I could say the same of your position, honestly. Stupid, naive - or maybe just plain ignorant.
If humans didn't want information to be free, there wouldn't be so much free information.
Or did you not notice?
Current crop of AI is not free in the slightest. Open weight models are not free as in liberty and neither is the training data.
s/free/owned by a billion dollar megacorp/
(AI output is very much not free in the resource consumption sense!)
Most resources are free until some company comes along and puts its brand on them.
(Disclaimer: I only use free AI and will never pay for it. I think there is a growing segment of folks who agree with this sentiment, also ..)
I agree with this sentiment. But as a community, this is hated because it impacts people's wages.
It's the negative short term outlook of something that may be positive long term
Sure, it could be positive in some distant future utopia.

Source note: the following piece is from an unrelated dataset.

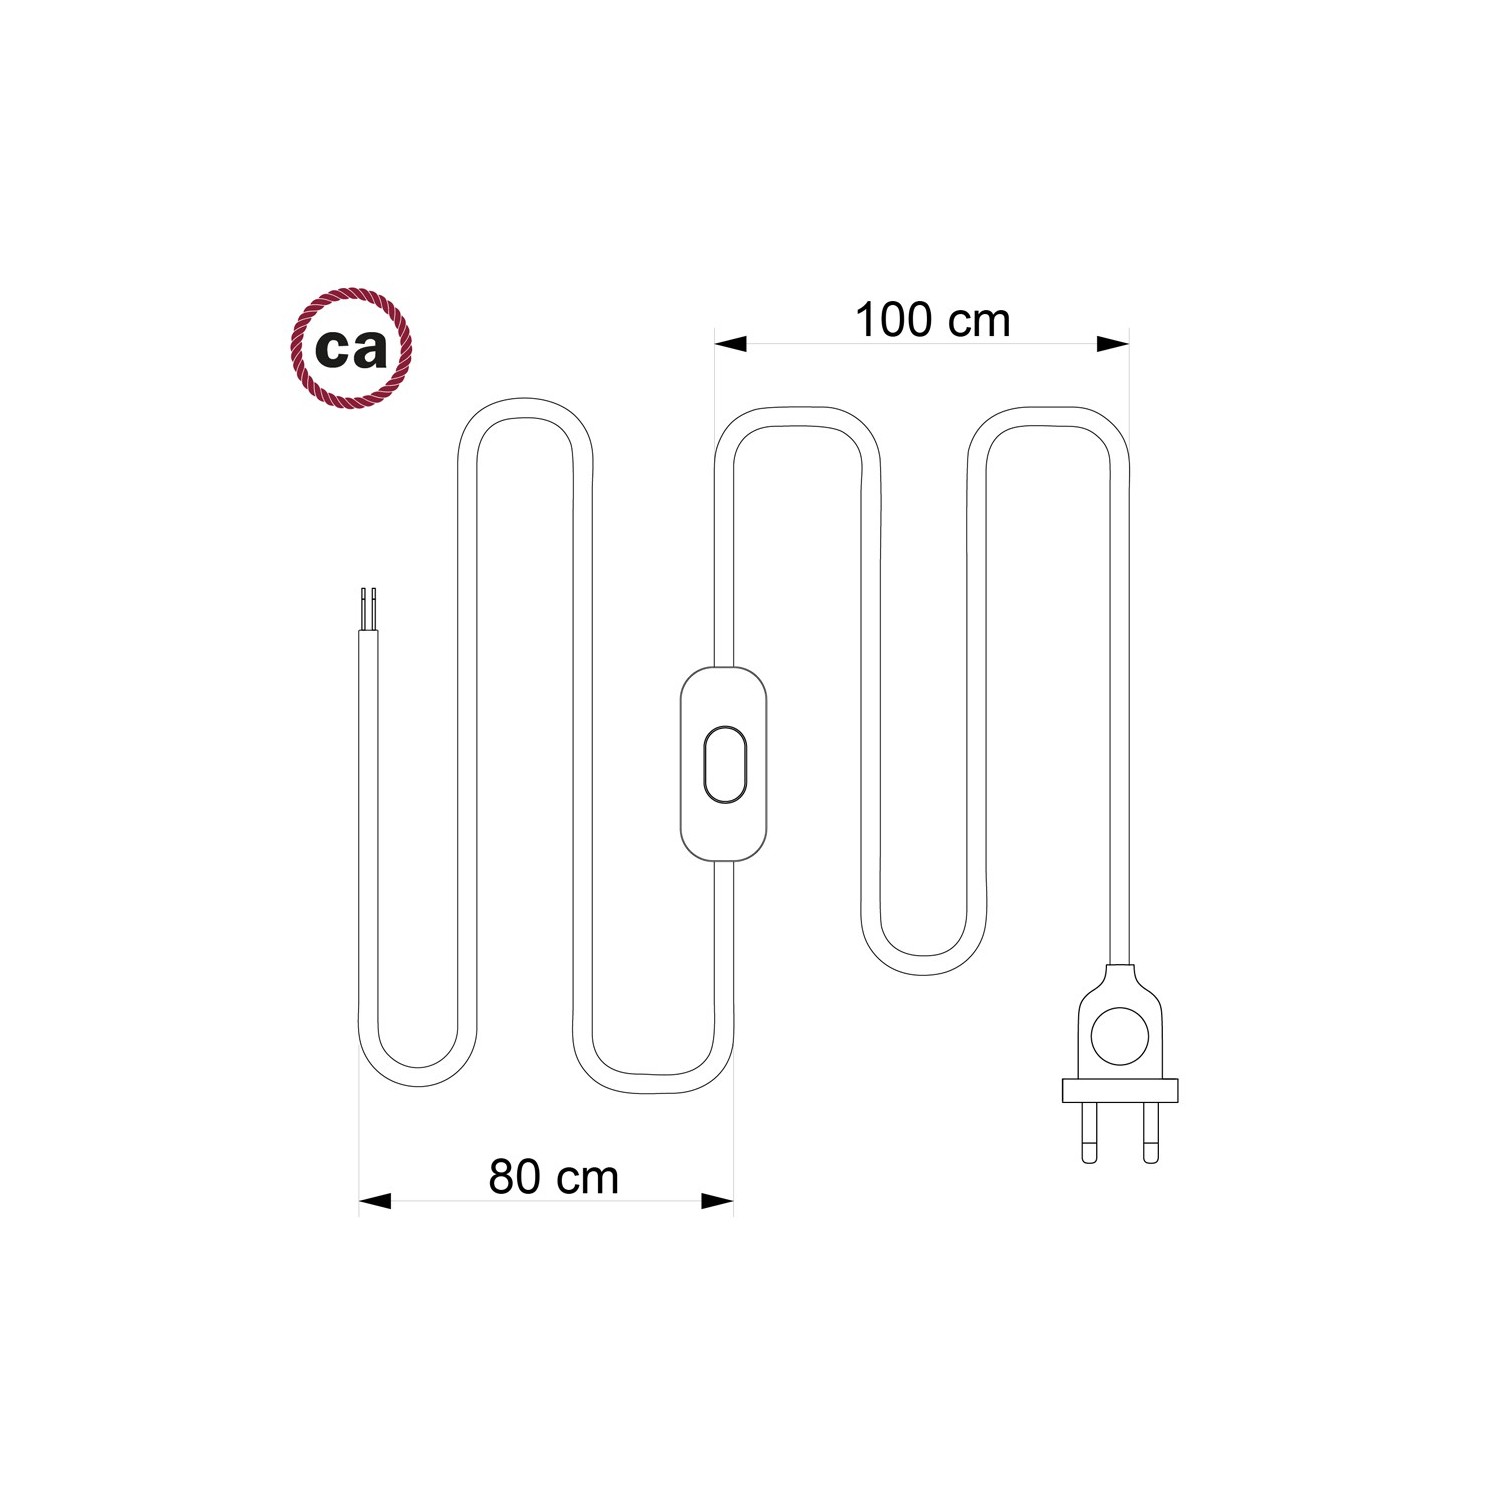 Cordon pour lampe, câble RC43 Coton Tourterelle 1,80 m. Choisissez la couleur de la fiche et de l'interrupteur!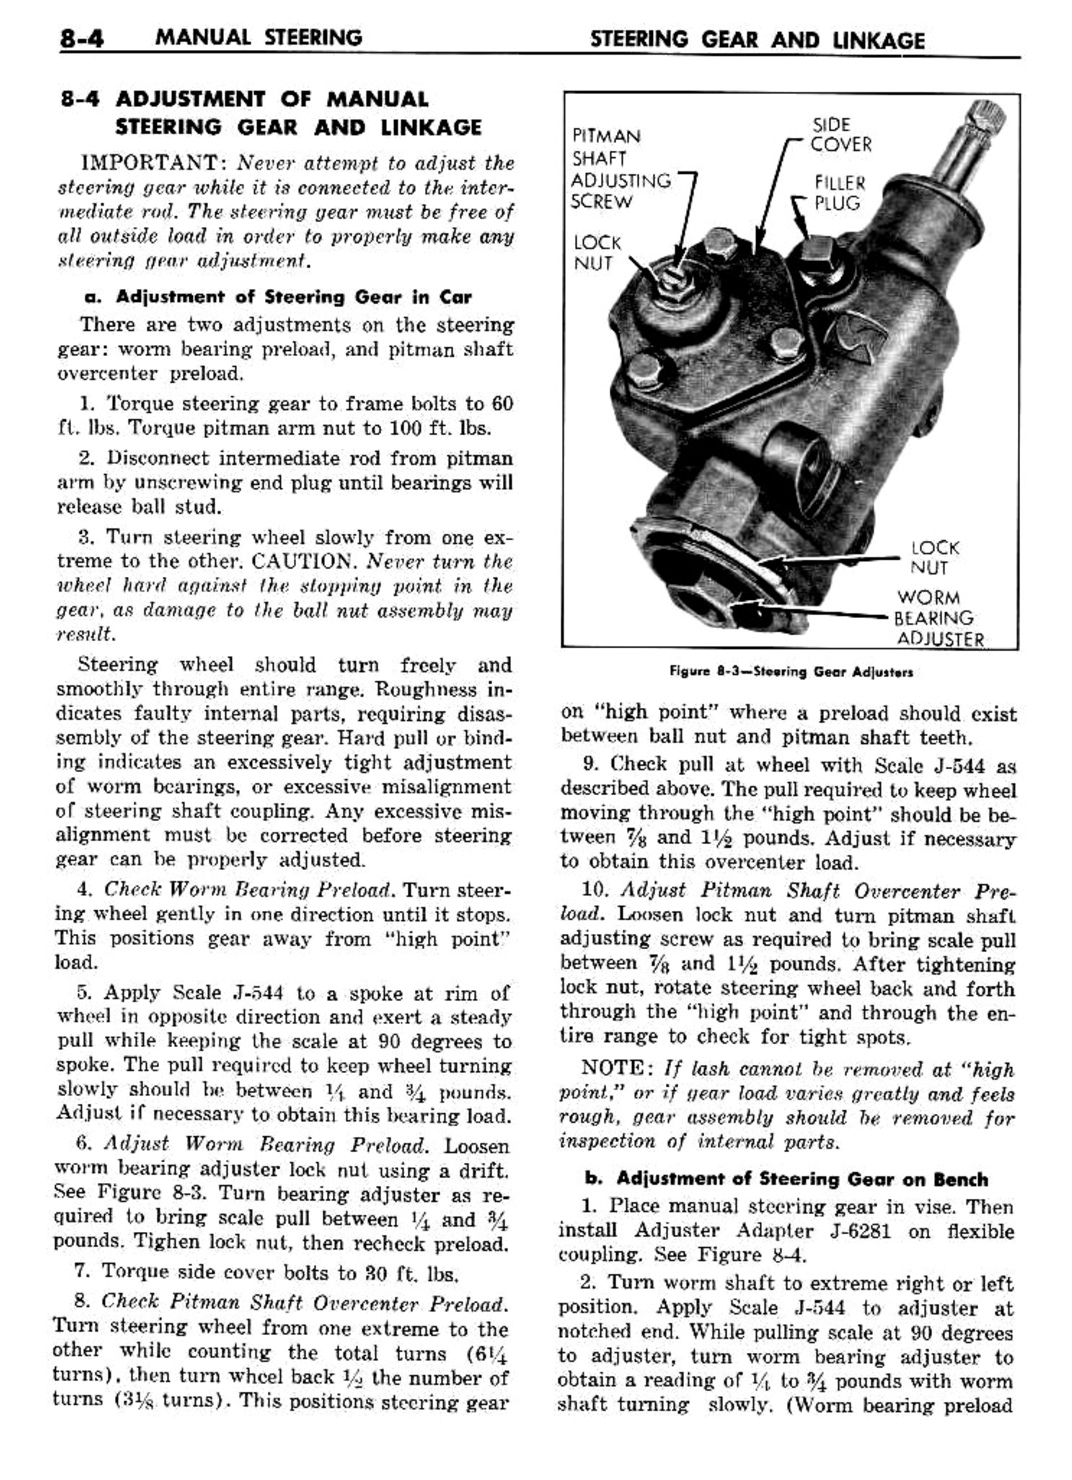 n_09 1960 Buick Shop Manual - Steering-004-004.jpg

But the short-term impacts here and now are really, really bad. People are getting hurt (through water consumption, vibe-coded security disasters, IP theft, data center pollution, loss of job security and therefore healthcare, LLM psychosis, inability to find reliable information, etc.) We're not actually obligated to sacrifice these people on the altar of "progress". We can slow down! When our society is capable of even somewhat protecting us from these harms, then maybe I'll stop being an LLM hater.
It's not hated because it impacts people's wages, although that perhaps factors into the hate. It's hated because AI is not a public good. The LLMS today are owned by megacorporations who harvested a public good for private gain.
This is not some altruistic entity striving for the betterment of humankind. Practically nothing that comes out of the techbro culture is. This is pure and simple greed and the chances that AI can be a vehicle of altruism when it is owned by megacorps is basically zero.